How else does plastic affect the human body?

Not all health problems that arise in animals will necessarily appear in humans. We are, after all, built differently. The problem is that it is difficult to establish unambiguous cause-and-effect relationships. More often than not, scientists can only say that contact with plastic affects certain health indicators.

There is another problem. It’s not always clear exactly what components went into the packaging. When plastics are made, there are many by-products that are not always tested for safety. Therefore, it is difficult to identify the effect of each individual chemical.

Nevertheless, according to researcher Carl-Gustaf Bornehag, the link between chemicals in plastics and negative effects on human health has been noted in a number of studies. And experiments on cells and animals confirm these conclusions. And these conclusions are quite disappointing:

When plastic microparticles enter the body frequently, fertility, male sexual function, immune system, risk of type 2 diabetes, cardiovascular disease, and obesity are primarily affected.

In addition, plastic chemicals affect cognitive function. Exposure to bisphenol A at an early age is associated with impaired brain development, as well as an increased risk of childhood shortness of breath and asthma. And exposure to phthalates during fetal development can lead to low IQ, attention problems, and communication difficulties.

Although many companies now make phthalate- and bisphenol A-free plastics, scientists question the safety of their equivalents: many of them function similarly to the harmful substances they replace.

What should we do to reduce the harmful effects of plastic on the body?

Experts recommend that you develop these four habits:

  1. Try to eat fresh fruits and vegetables. This will reduce the risk of chemicals from plastic packaging getting into your food;
  2. Don’t heat food in plastic utensils;
  3. Store food in glass or metal utensils;
  4. Do not use plastic utensils with recycling codes 3 (contains phthalates), 6 (styrene), and 7 (bisphenols).
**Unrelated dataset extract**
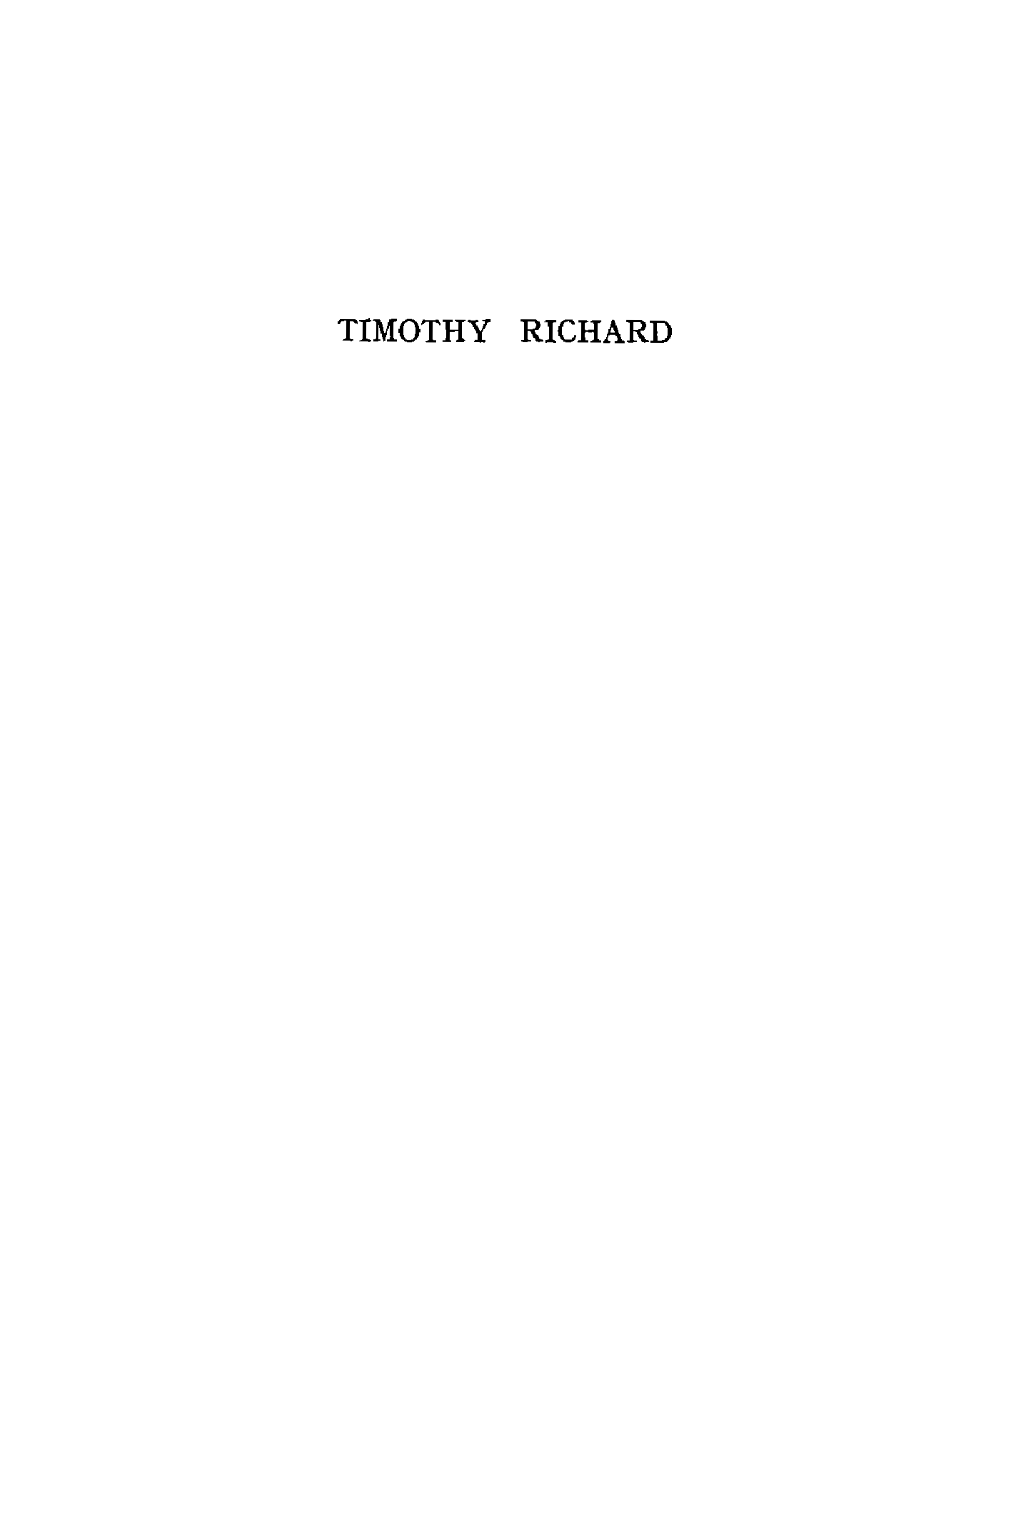 TIMOTHY RICHARD Tti\IOTHY RICHARD TIMOTHY RICHARD a Narrative of Christian Enterprise and Statesmanship in China

Unfortunately, these habits do not guarantee 100% that plastic will not get into your body. Why? Because polymers are not only in cookware today, but everywhere. Bisphenol A can even be found on cash register receipts and boxes today. And phthalates are even more common. They are present in medications and the coating of food additives, in thickeners, lubricants and emulsifiers. And also in medical devices, cleaning products, paint and plasticine, fabrics, sex toys, liquid soaps and nail polish.

Those substances that do not enter our bodies directly end up in landfills. They gradually decompose to microplastics and absorb harmful compounds, all of which then end up in water and food. Nevertheless, any attempt to reduce the amount of plastic in our bodies is worthwhile.